Mark National Influenza Vaccination Week (Jan. 10-16)
with the H1N1 Flu Shot or Nasal Spray
For Immediate Release: Jan. 15, 2010
Media Contact: Communication Office
Vermont Department of Health
BRATTLEBORO - Pediatrician Valerie Rooney, MD, sat down with her office supervisor (Laurie Dix), made a list, and checked it twice. Who are the patients with severe underlying conditions at risk for serious complications from the new H1N1 influenza virus?
When vaccine was first available for the H1N1 strain, supplies were so limited that many pediatric practices received only one 10-dose vial. Within minutes of getting their first doses, Dr. Rooney and her team had 10 names, and they picked up their phones and started to call.
The message to each patient's parent: We have a limited supply of the vaccine and you need to get your child protected. Can you get in here right away?
Despite the best efforts of Vermont physicians statewide, 43 children have been hospitalized in Vermont with H1N1-related illness. Because of the rapid response of many of the primary care practices in southern Vermont, however, not a single pediatric patient was hospitalized or put on a ventilator at Brattleboro Memorial Hospital.

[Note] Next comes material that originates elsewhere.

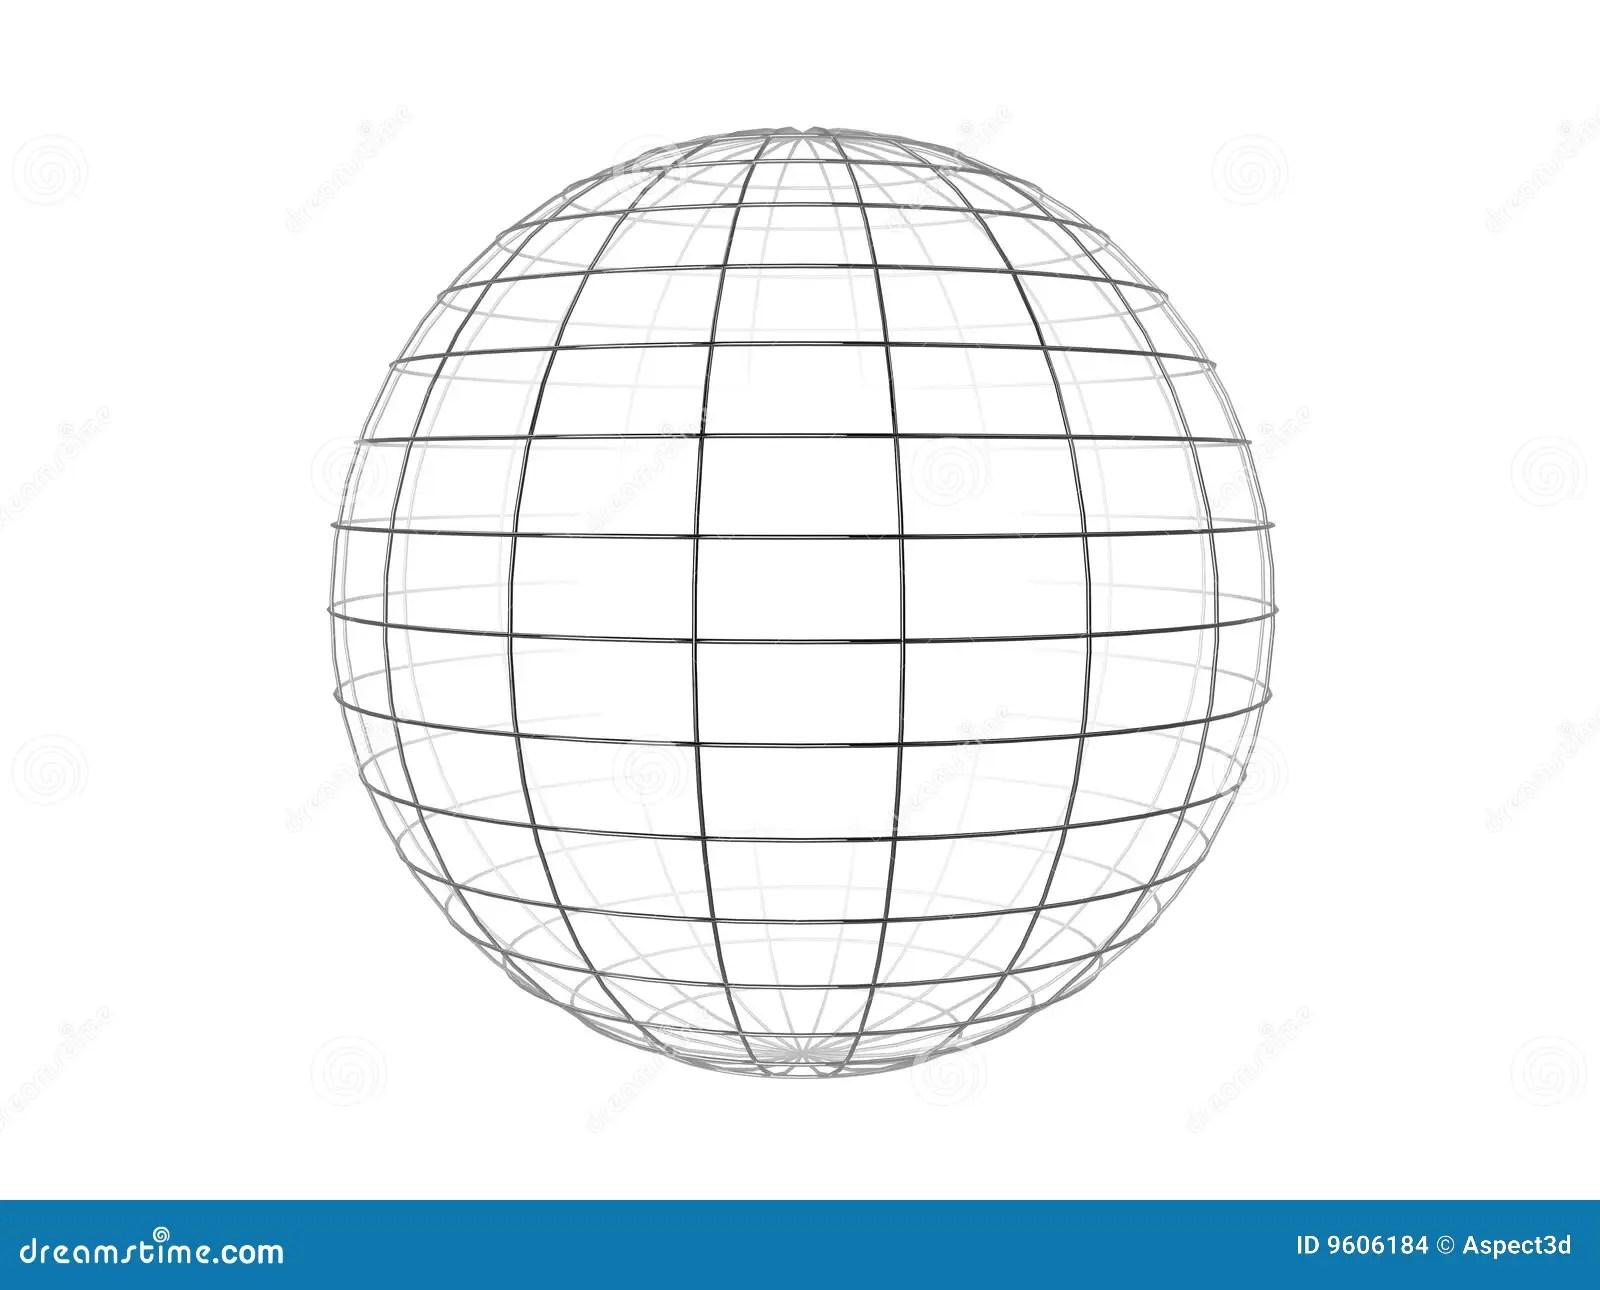 Earth Spheres Worksheet

Robert Tortolani, MD, president of the Vermont Medical Society and a family physician at Brattleboro Memorial Hospital, was also preparing for the impact of the limited H1N1 vaccine supply. Tortolani knew many patients in southern Vermont would not have a (primary) physician and would lean heavily on the resources of the hospital.
“We prepared for a scenario where a very large number of patients would be coming to the Brattleboro Memorial Hospital emergency department, with a large number of hospitalizations,” Dr. Tortolani said. “Fortunately, I saw only four patients in my practice with flu-like illness and no one had to be hospitalized. Most people with flu-like illness called us and we were able to treat them over the phone.”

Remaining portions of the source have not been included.